You can see an example comparing semantic (i.e., embeddings-based) search vs bm25 vs hybrid here: http://search-sensei.s3-website-us-east-1.amazonaws.com (warning! It will download ~50MB of data for the model weights and onnx runtime on first load, but should otherwise run smoothly even on a phone)
This mini app illustrates the advantage of semantic vs bm25 search. For instance, embedding models "know" that j lo refers to jennifer lopez.
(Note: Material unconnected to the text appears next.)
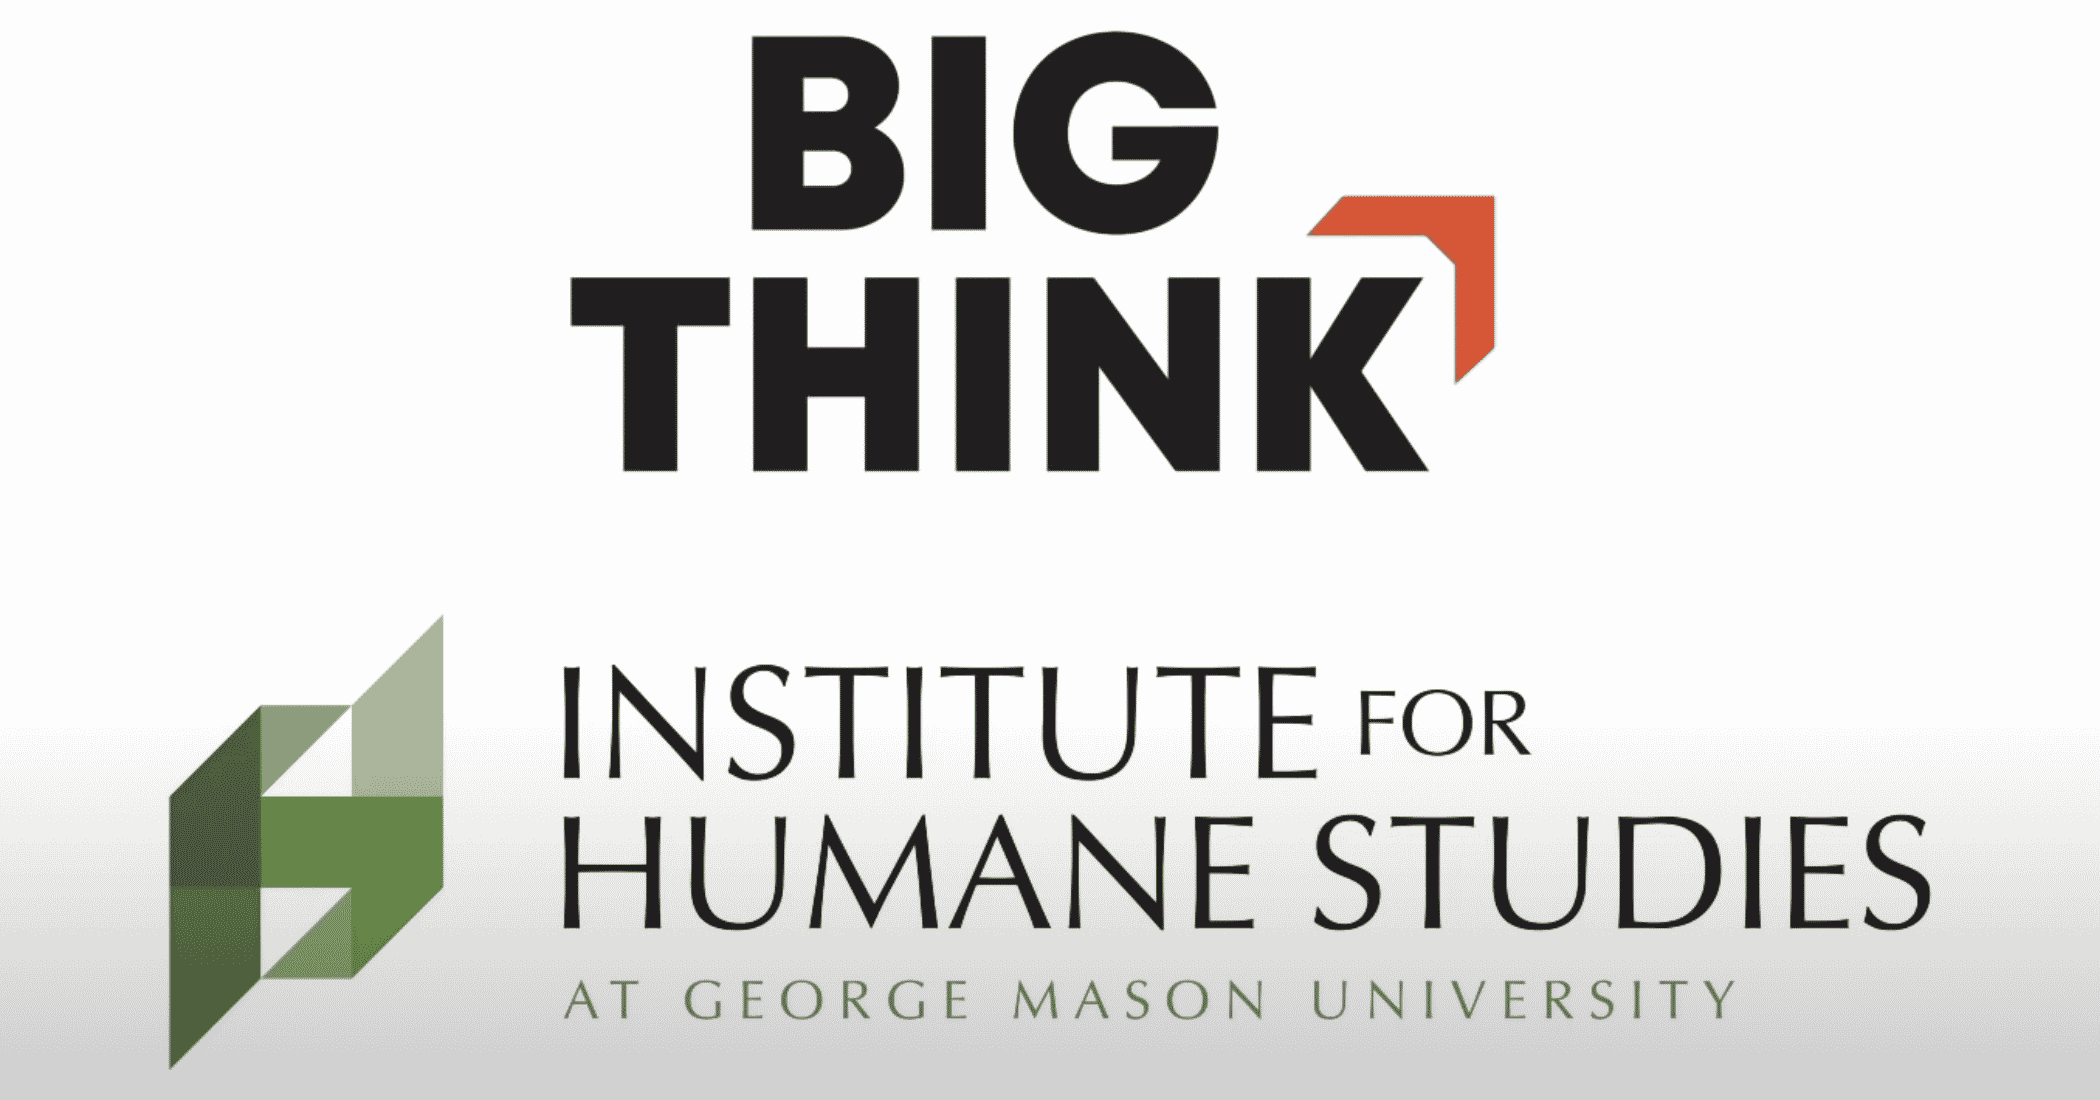 big think and institute for humane studies combined logo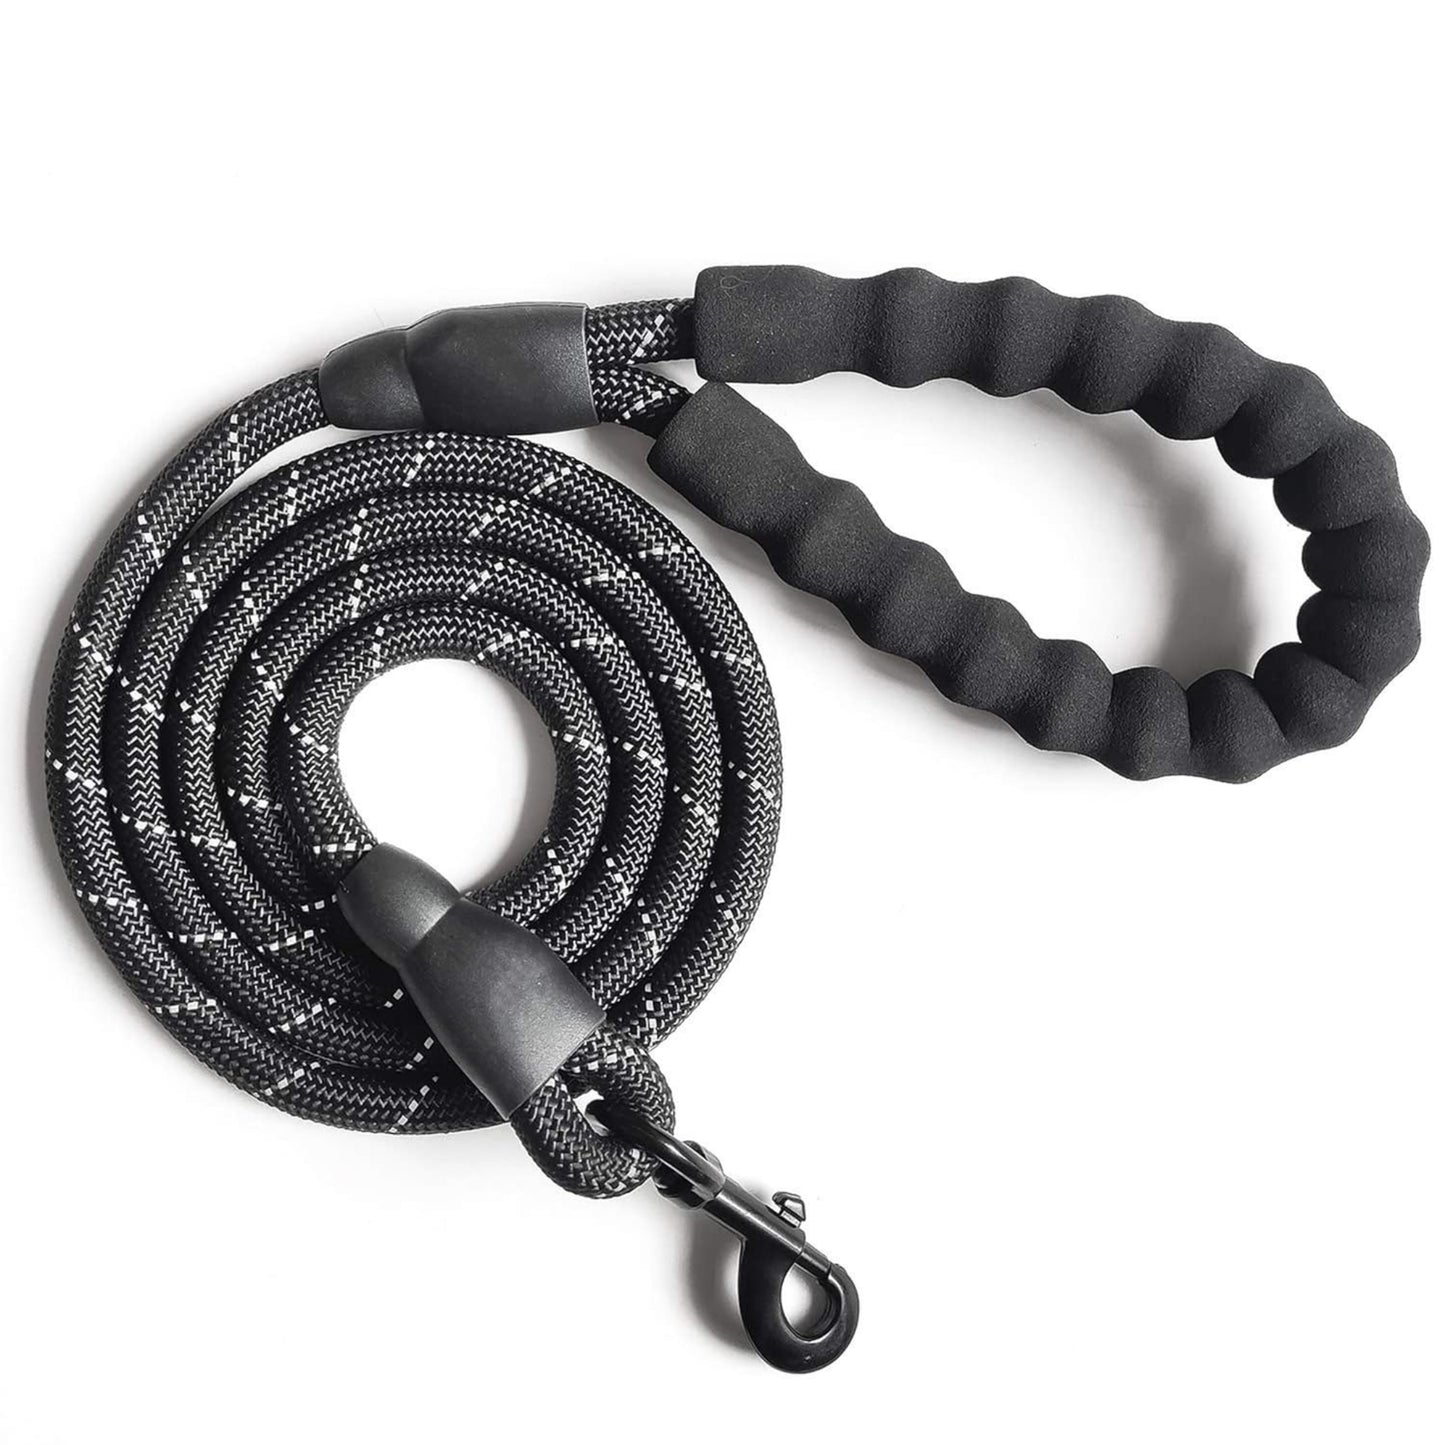 Foodie Puppies Reflective Snug Leash for Small to Medium Dogs, Black

We have also published the recipe to train this type of models if you were interested in doing so; we show that it can be done on relatively modest hardware and training data is very easy to obtain: https://arxiv.org/abs/2509.12539
These are very interesting models.
The tradeoff here is that you get even faster inference, but lose on retrieval accuracy [0].
Specifically, inference will be faster because essentially you are only doing tokenization + a lookup table + an average. So despite the fact that their largest model is 32M params, you can expect inference speeds to be higher than ours, which 23M params but it is transformer-based.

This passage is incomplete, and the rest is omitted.